COPA’s completion of its investigation into the raid of Young’s apartment comes as it investigates two fatal police shootings.
COPA released video two weeks ago showing the fatal police shooting of Adam Toledo, 13, at the end of a chase. The video shows Adam discarding a gun and raising his hand simultaneously, less than a second before being shot. Video was released this week showing the March 31 killing of Anthony Alvarez, 22, who had his back turned and appeared to be holding a gun when he was fatally shot by an officer.
Video of the apartment raid was obtained by Young as part of her lawsuit against the city. It shows her telling officers they were raiding the wrong apartment. The video was given to a local television station, the broadcast of which prompted severe criticism of Chicago police.
Attorney Simone Jackson, who represents Young, said COPA is employing some of the right platitudes and rhetoric, but is short on specifics.
“Ms. Young is not encouraged by this (release) in any way, and instead she continues to demand accountability for every officer that was present and any officer that was in any way involved in the approval of this warrant and the execution of this outrageous raid her home,” Jackson said in a statement.

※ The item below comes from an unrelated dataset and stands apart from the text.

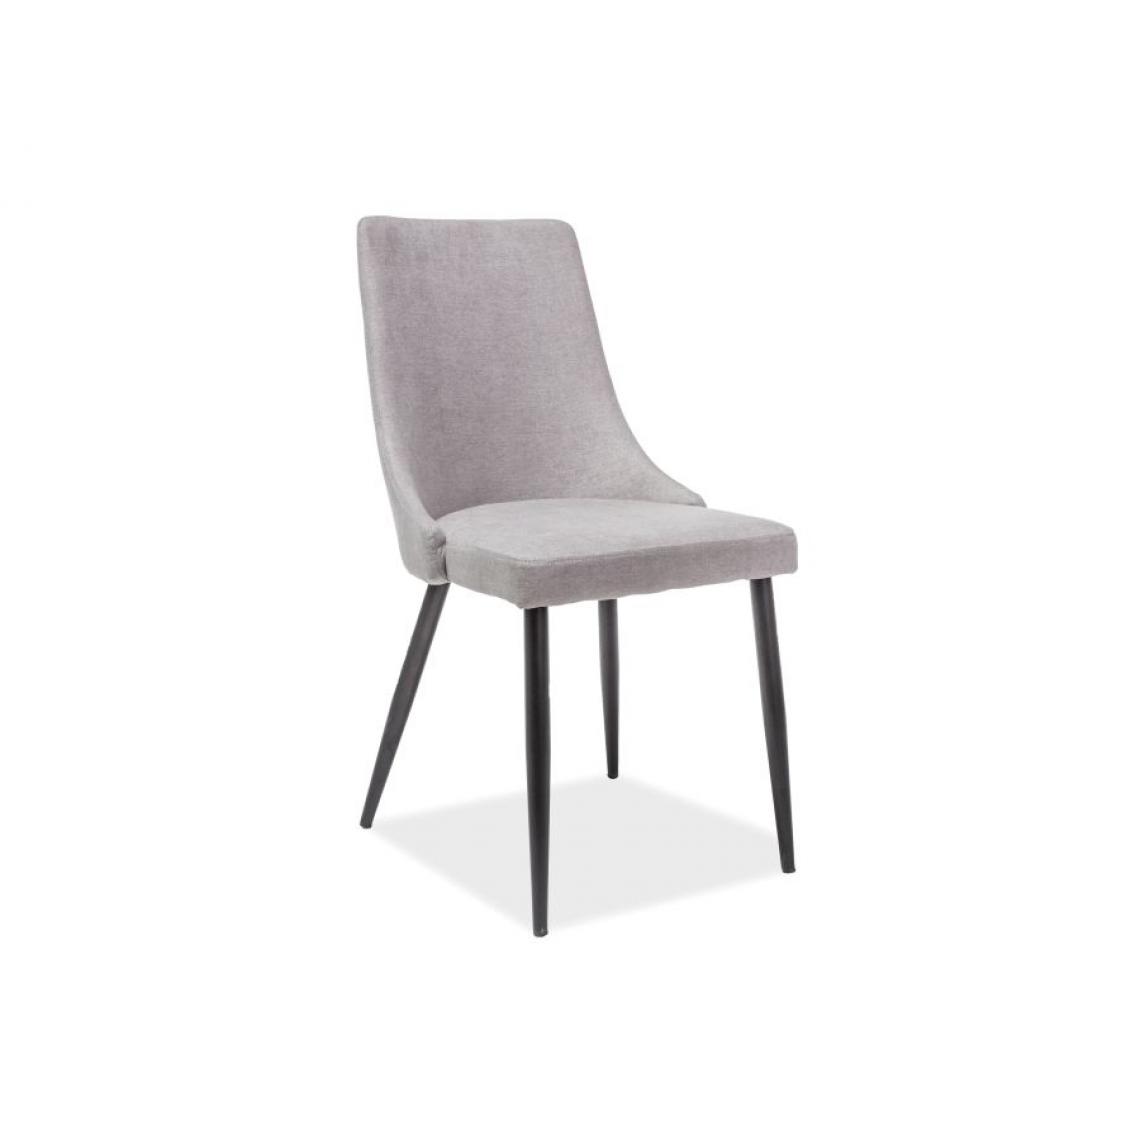 Hucoco - NOBEN | Chaise matelassée avec pieds en métal salon/salle à manger | 91x46x43 cm | Rembourrée en tissu | Base robuste - Gris - Chaises
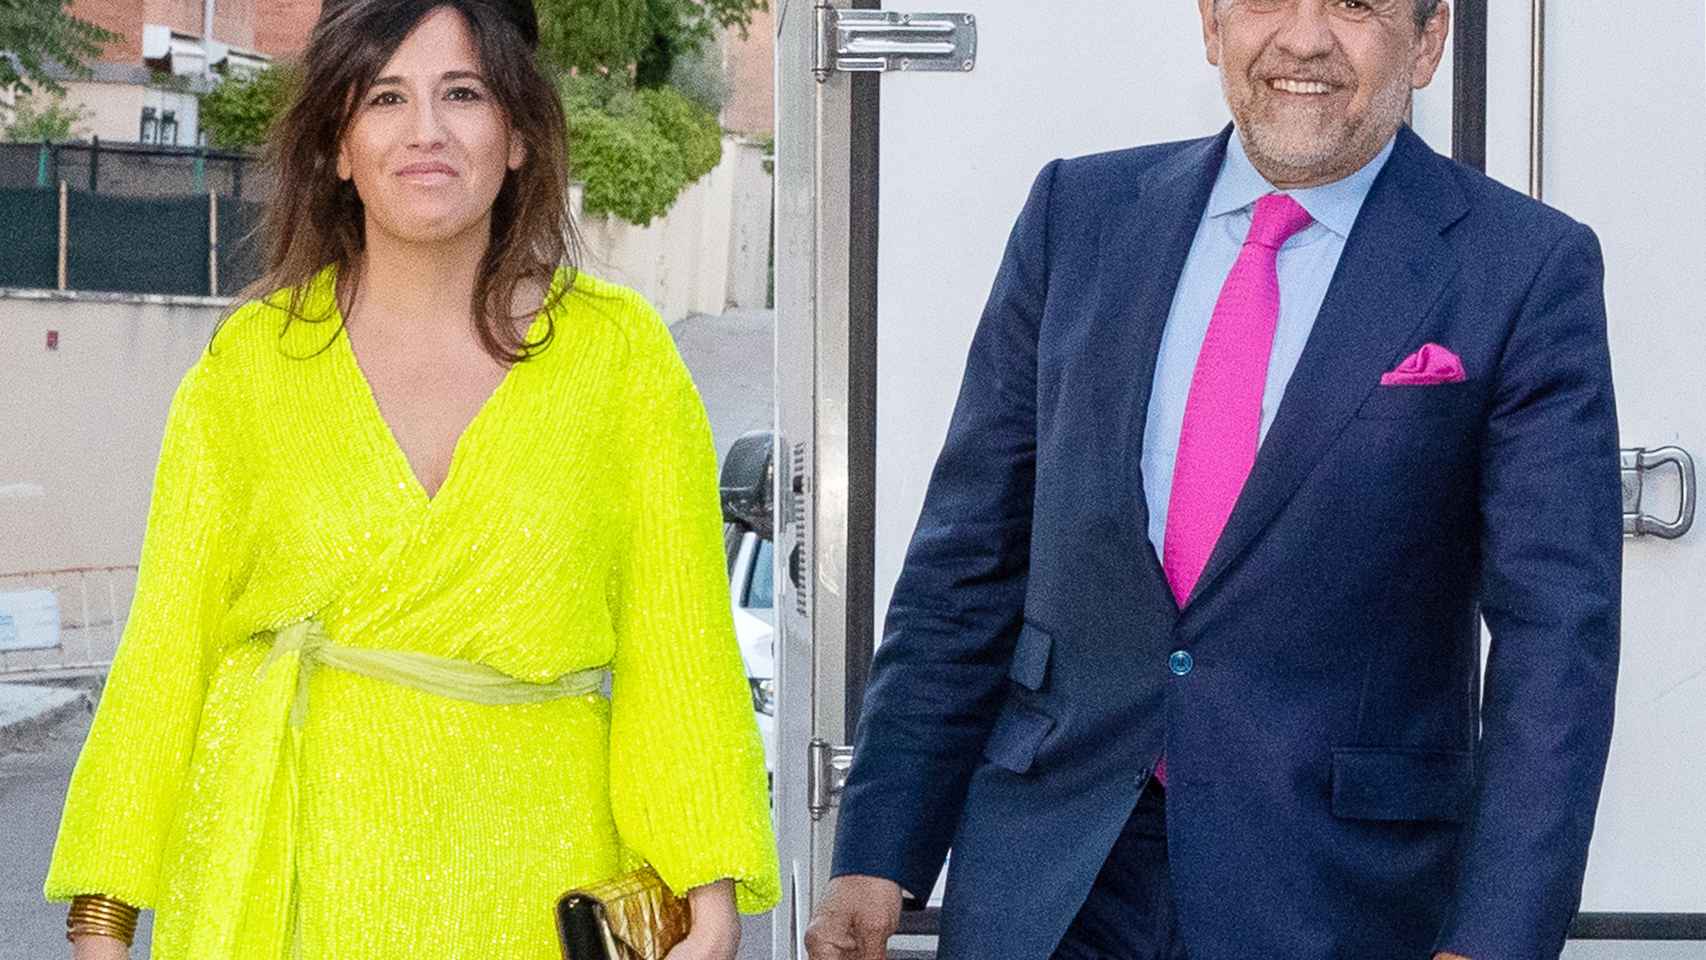 Jaime Martínez-Bordiú y Marta Fernández en una imagen de archivo fechada en junio de 2019.

Attorney Tim Grace, who is representing many of the officers involved in the raid, called Young’s ordeal “very tragic,” adding officers did everything they could to mitigate the situation.
“Efforts were made from the moment they were able to secure the home to protect her dignity,” Grace told the Chicago Tribune.
Grace also said the officers were sent to Young’s apartment on a tip by an informant about a gun in the apartment.
“Nobody knew that this (informant) was making all this up,” Grace said.
COPA says it has delivered its findings and recommendations to Superintendent David Brown, but won’t reveal them until he has reviewed them. In addition to the misconduct allegations, COPA said it found deficiencies in officers’ acquisition and execution of search warrants.
The investigation included more than 30 interviews including officers, civilians, a member of the judiciary, an assistant state’s attorney and the Cook County Sheriff’s Department, according to COPA. The agency also reviewed of hundreds of pages of documentary evidence and hours of video material relevant to this incident.